== Work instructions ==
Word for word, restate the lines of the listing below from the line with "حذاء جولف لي فلير اوكس" through the line with "adidas-consortium-sns-d-rose-7-pk-3", and do not include the pictures.

== Record set ==
• • • • • • •
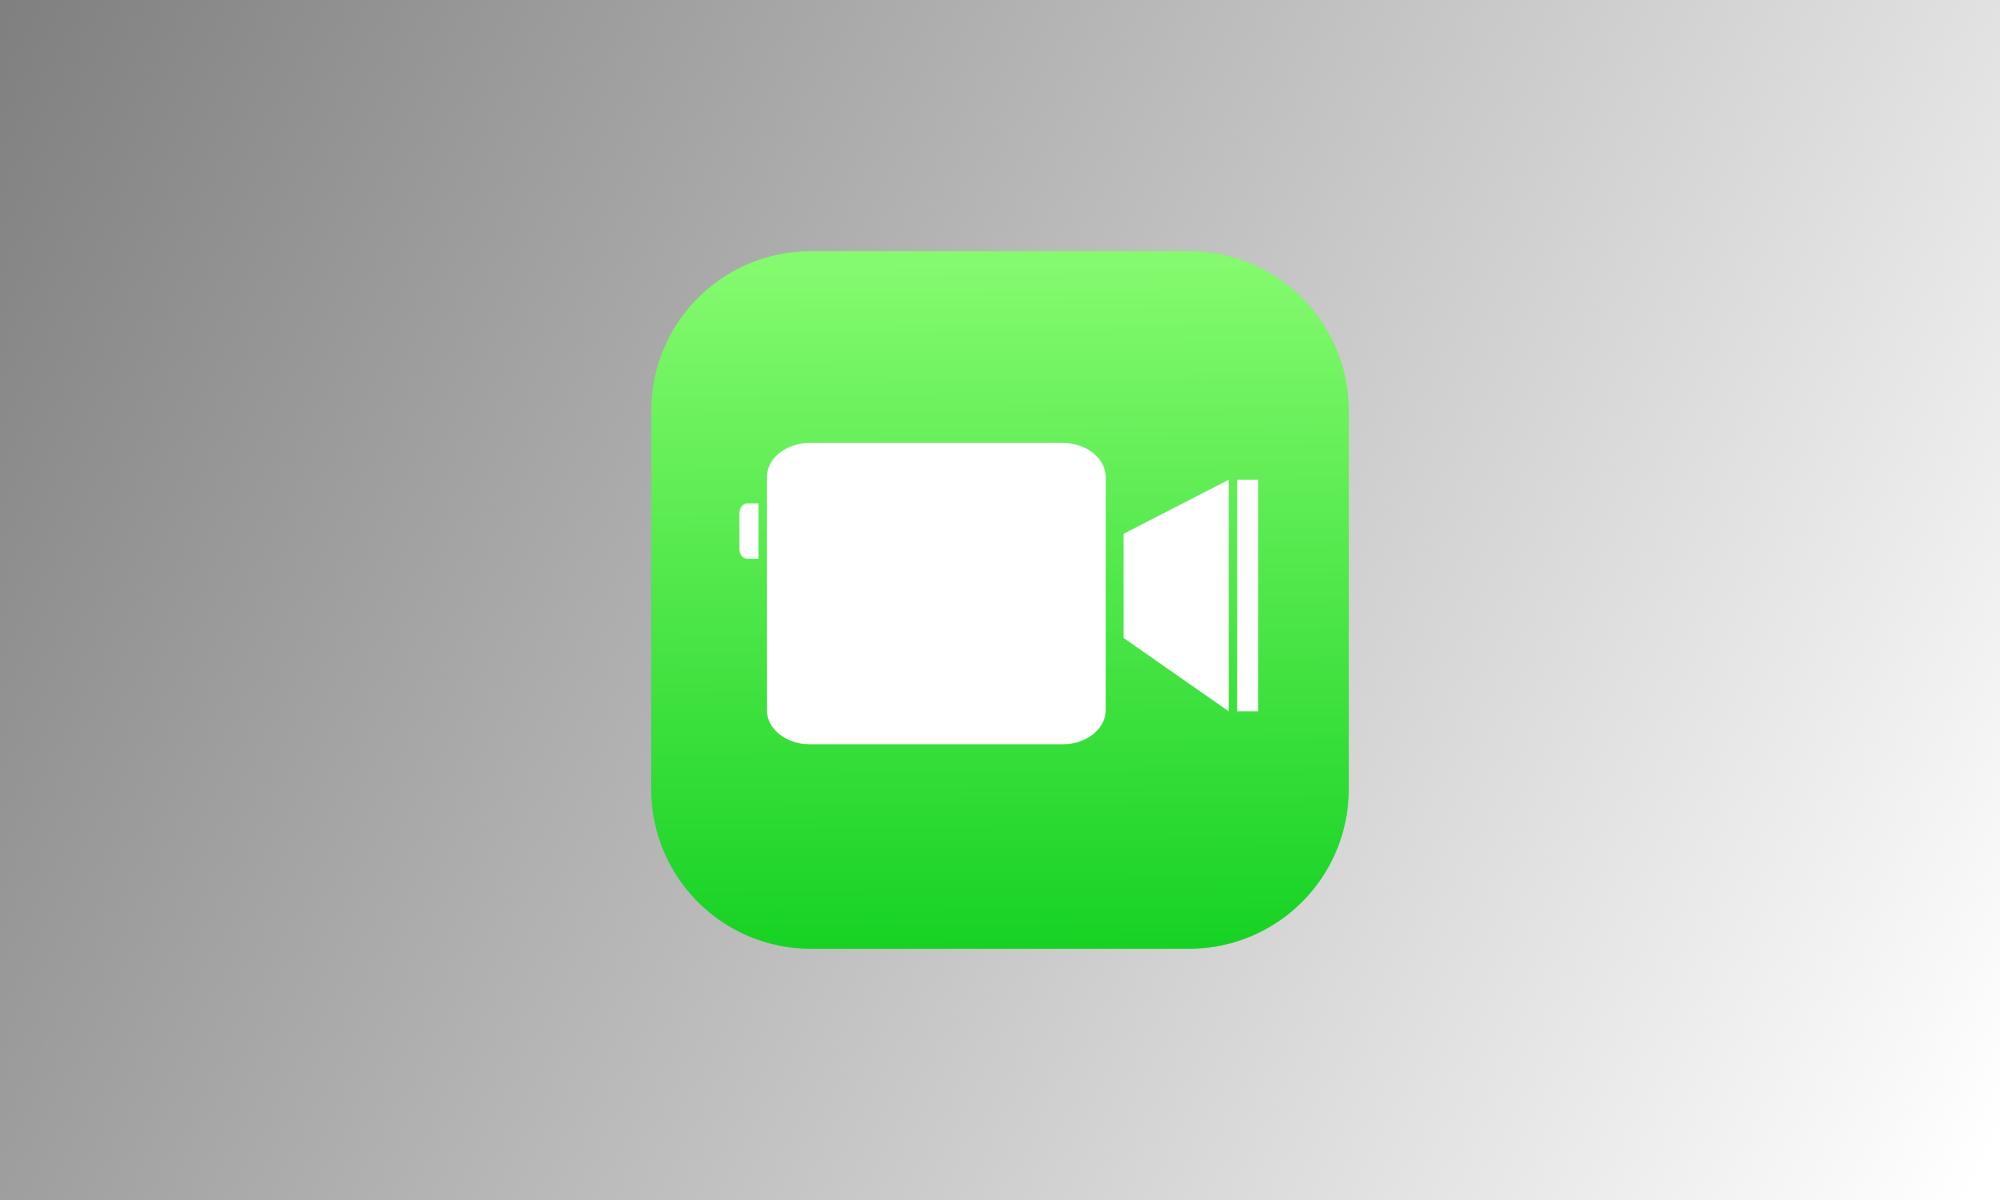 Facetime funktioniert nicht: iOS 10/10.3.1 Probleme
• • • • • • •
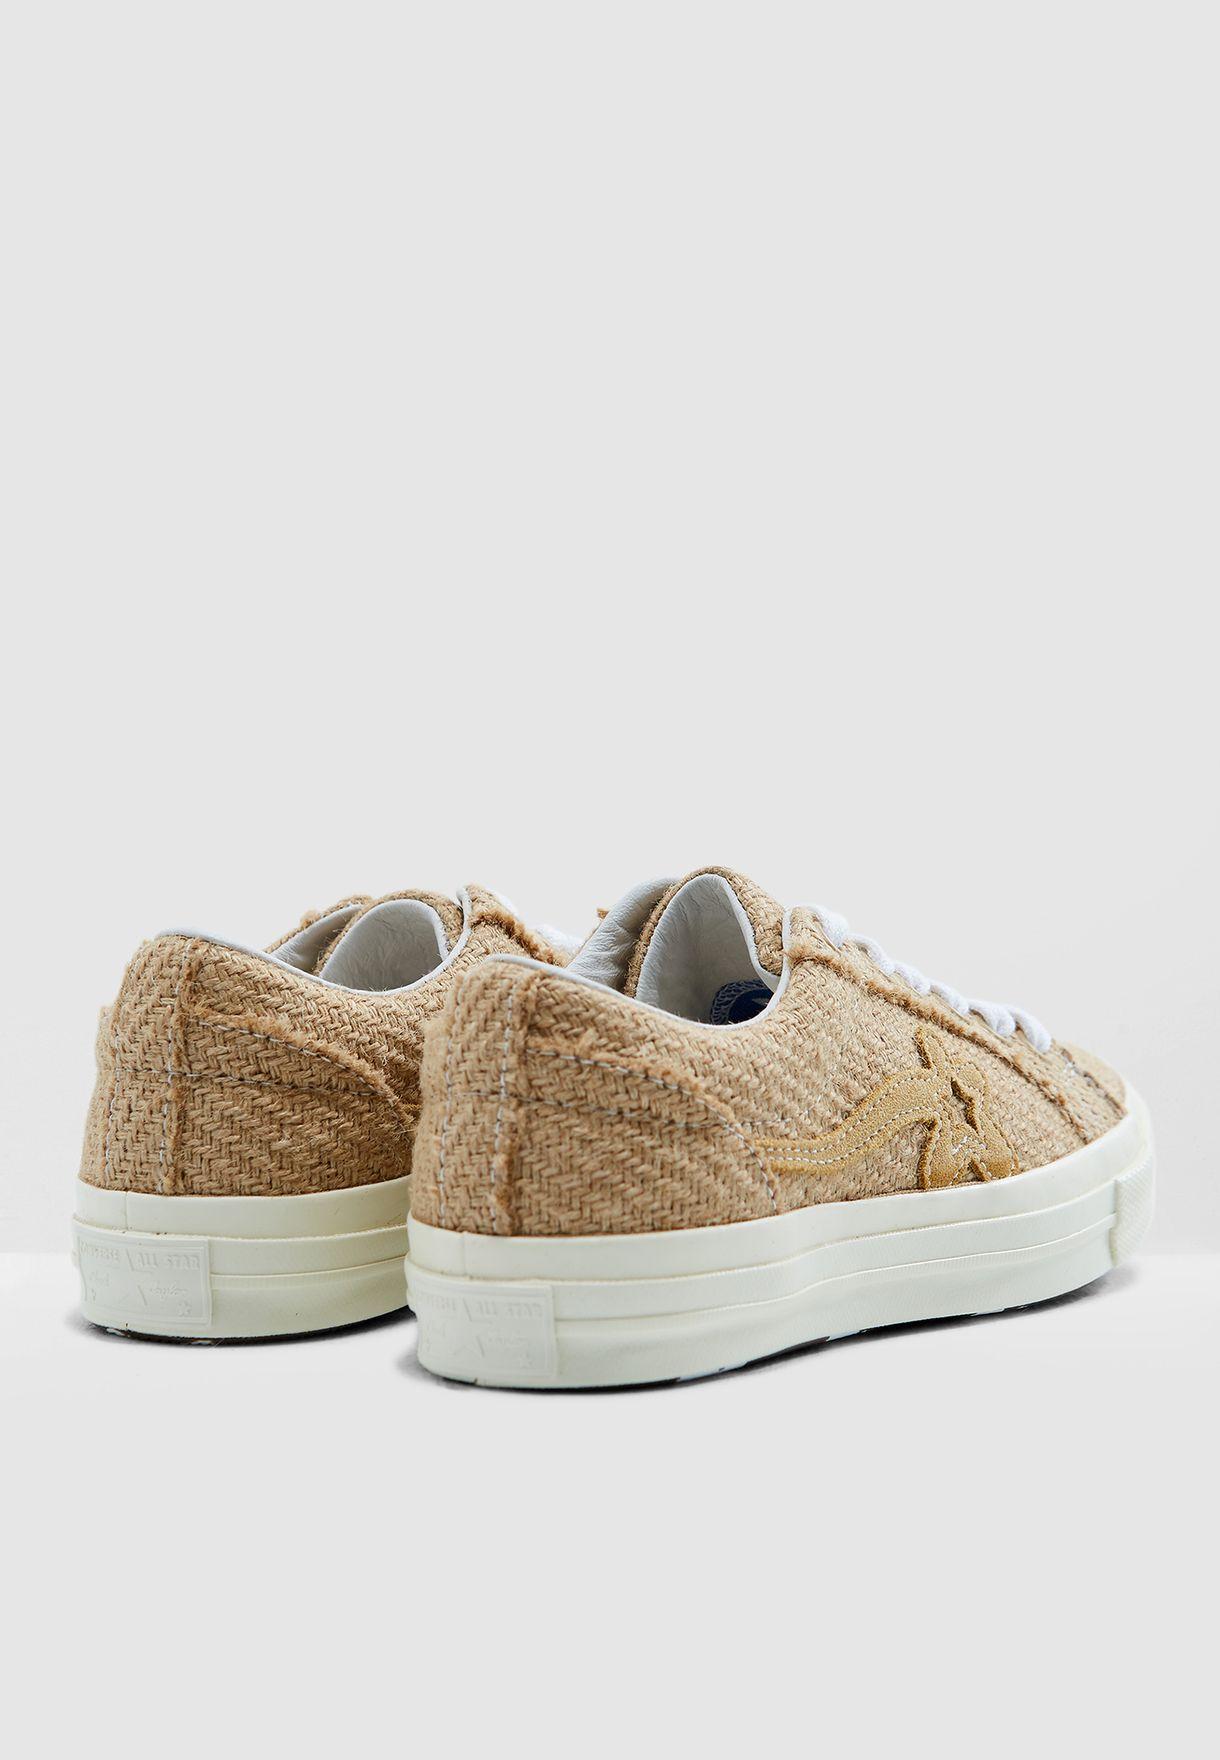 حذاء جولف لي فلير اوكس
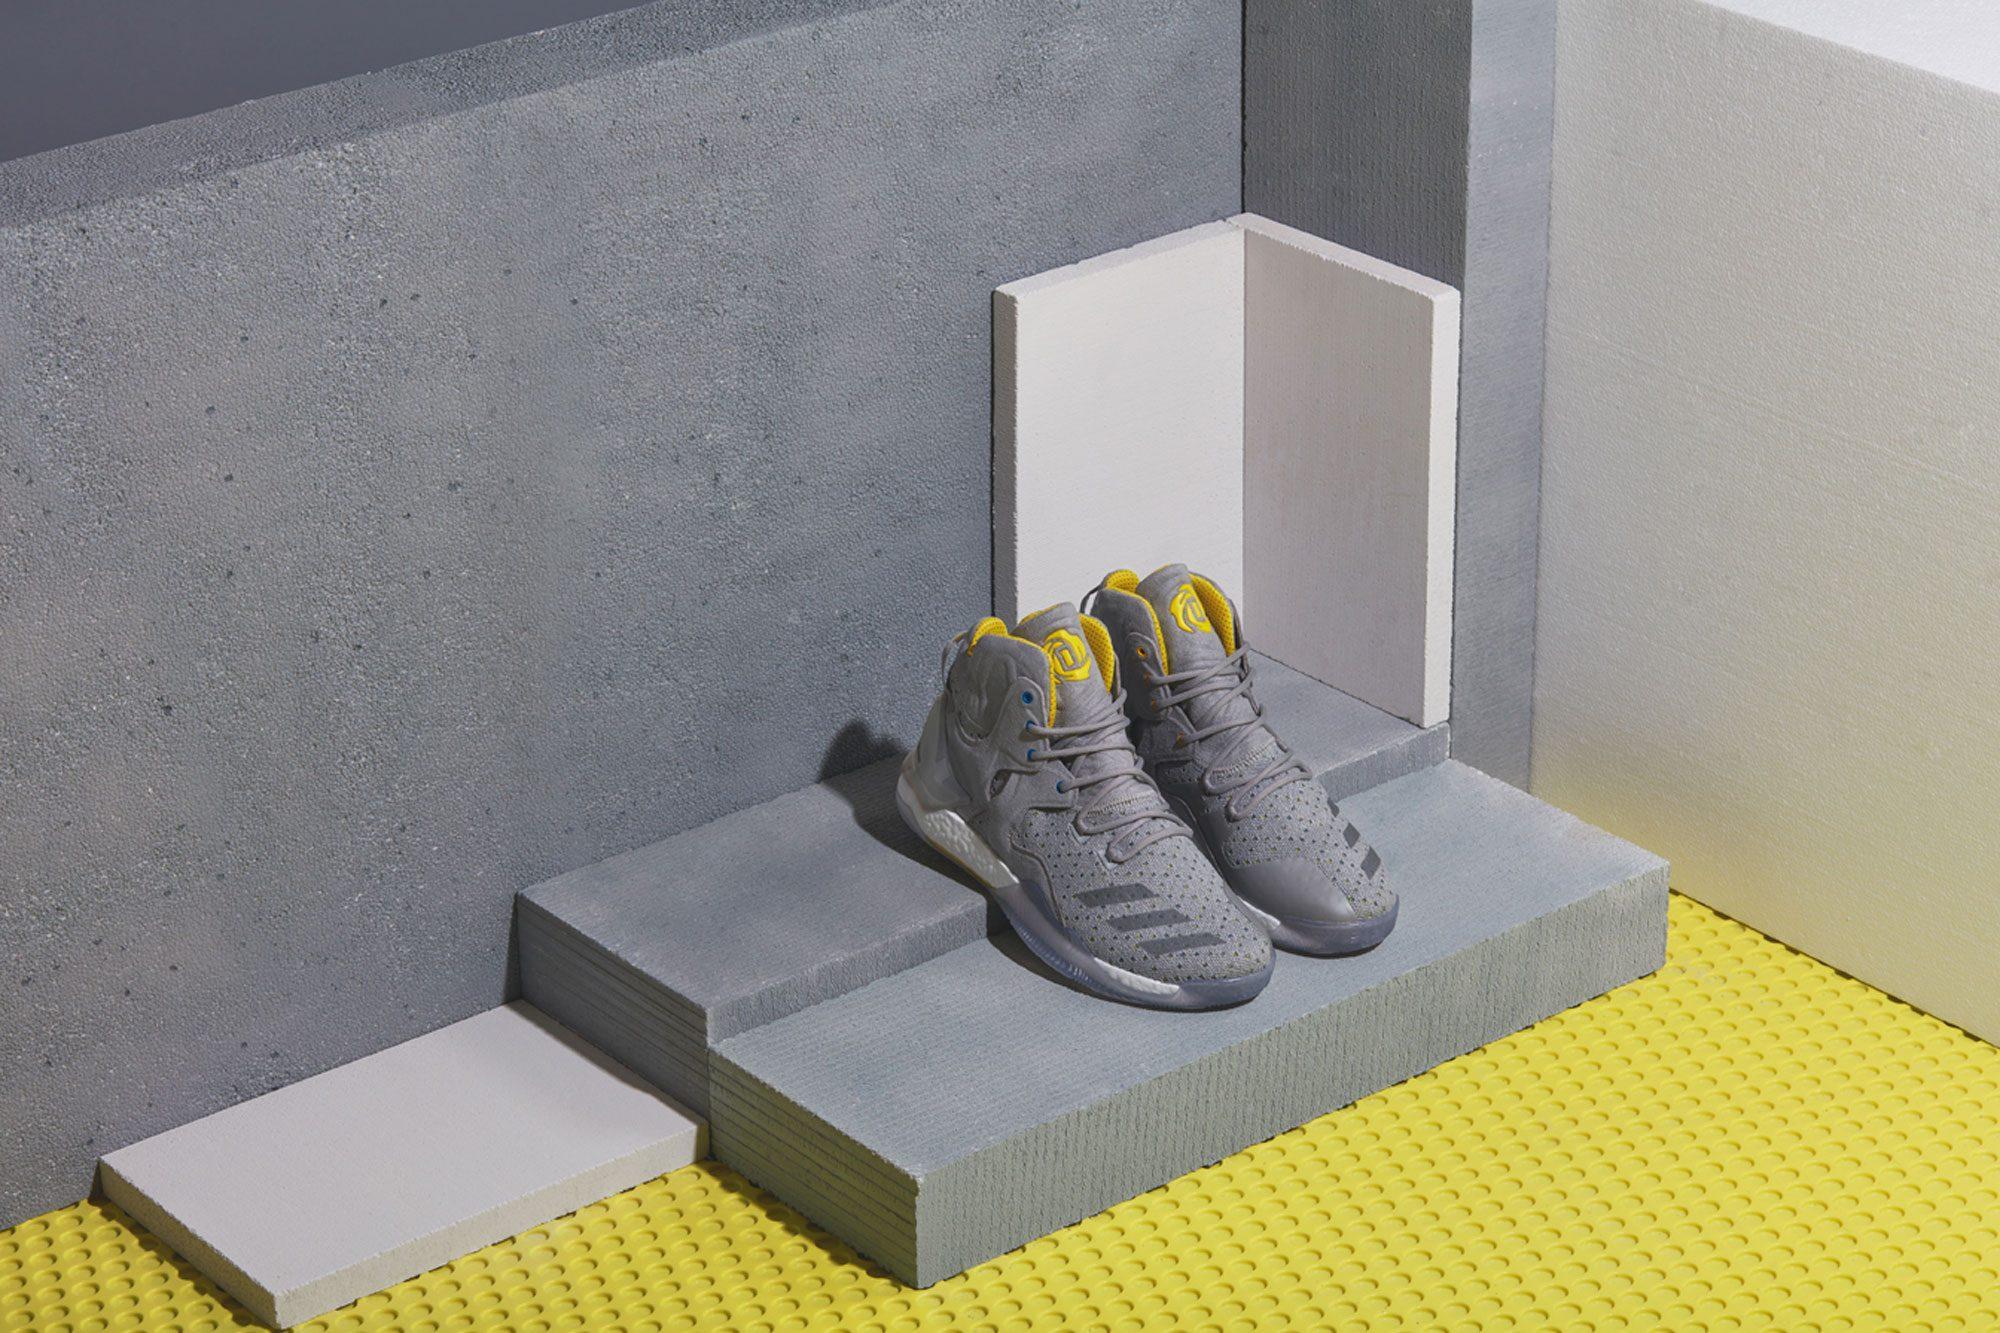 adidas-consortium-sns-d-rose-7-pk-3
• • • • • • •
== Answer below ==
 حذاء جولف لي فلير اوكس
 adidas-consortium-sns-d-rose-7-pk-3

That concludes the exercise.